Of the material below, only the lines from the line containing "Legs in Gym" down to the line containing "Large sautéed shrimp" belong in the answer, written out exactly.

▶ _TASK INPUTS_:
========
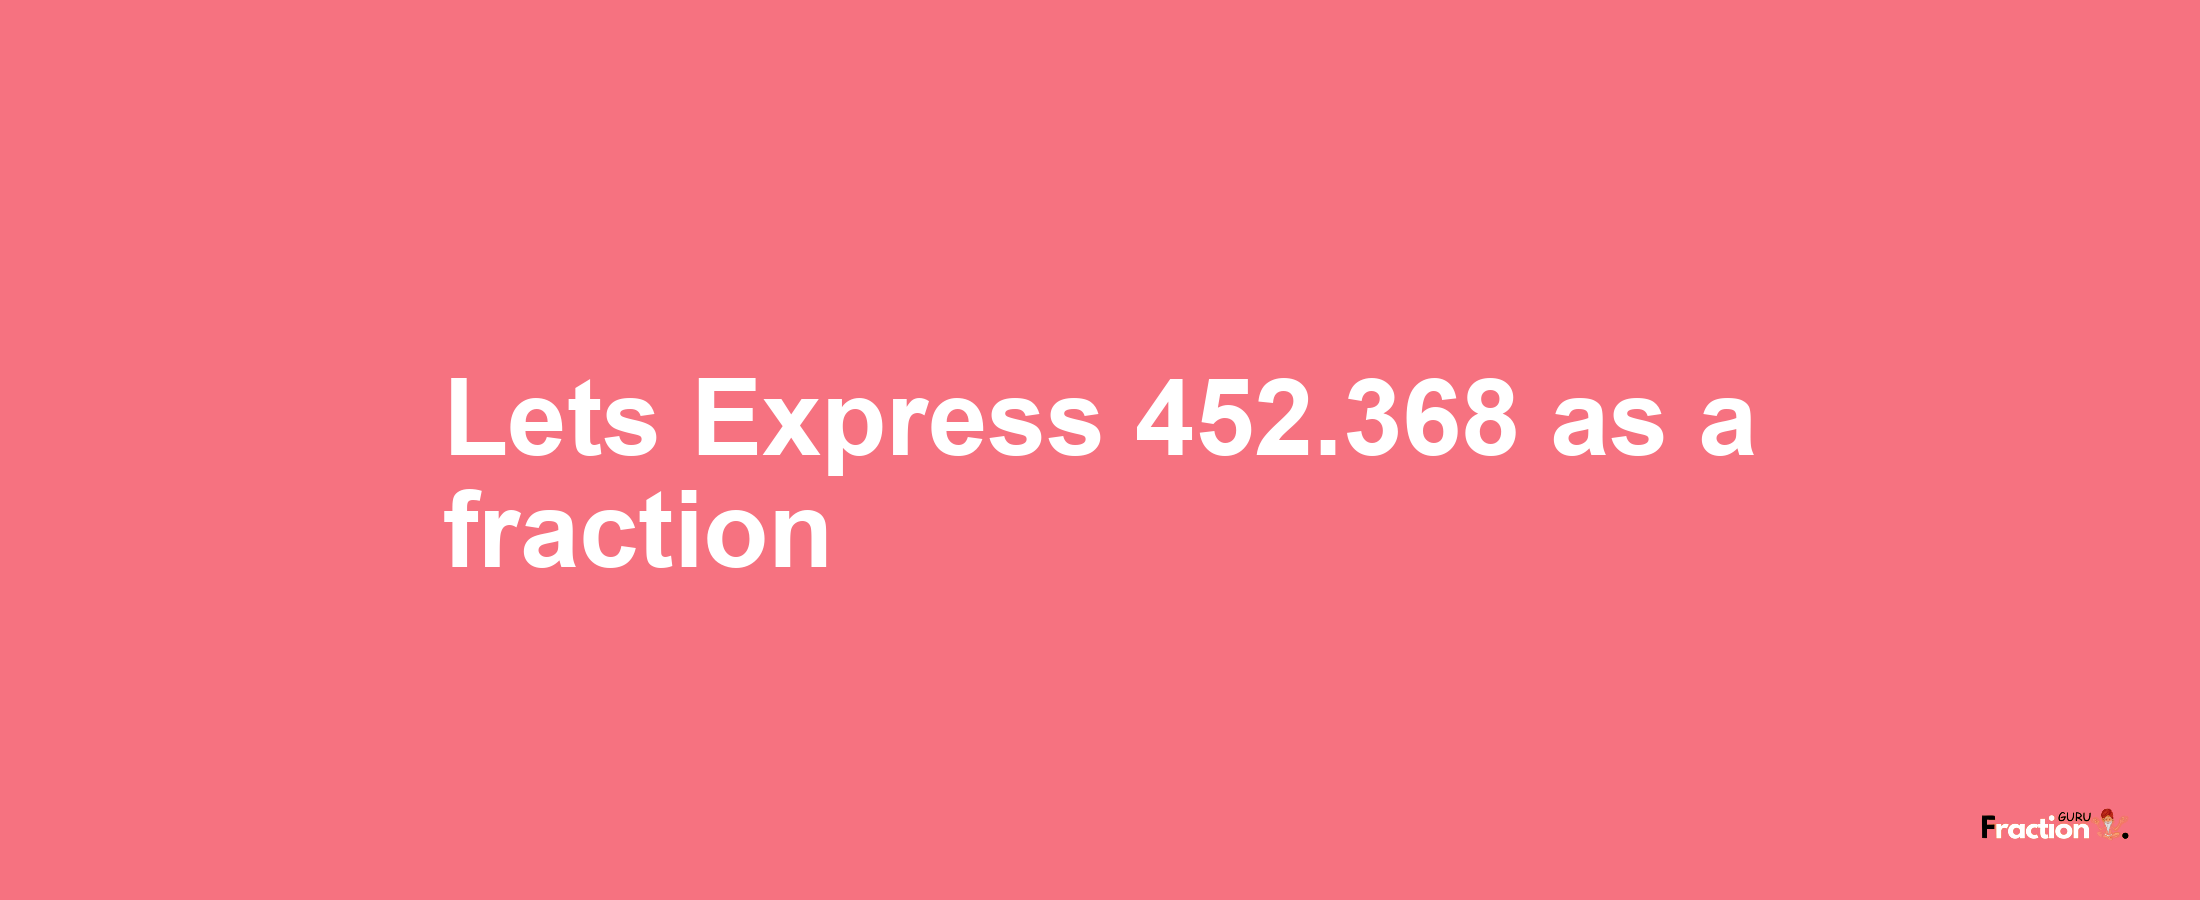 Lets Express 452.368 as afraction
========
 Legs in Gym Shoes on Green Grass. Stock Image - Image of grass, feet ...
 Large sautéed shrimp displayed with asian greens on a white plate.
========
▶ _REPLY_:
 Legs in Gym Shoes on Green Grass. Stock Image - Image of grass, feet ...
 Large sautéed shrimp displayed with asian greens on a white plate.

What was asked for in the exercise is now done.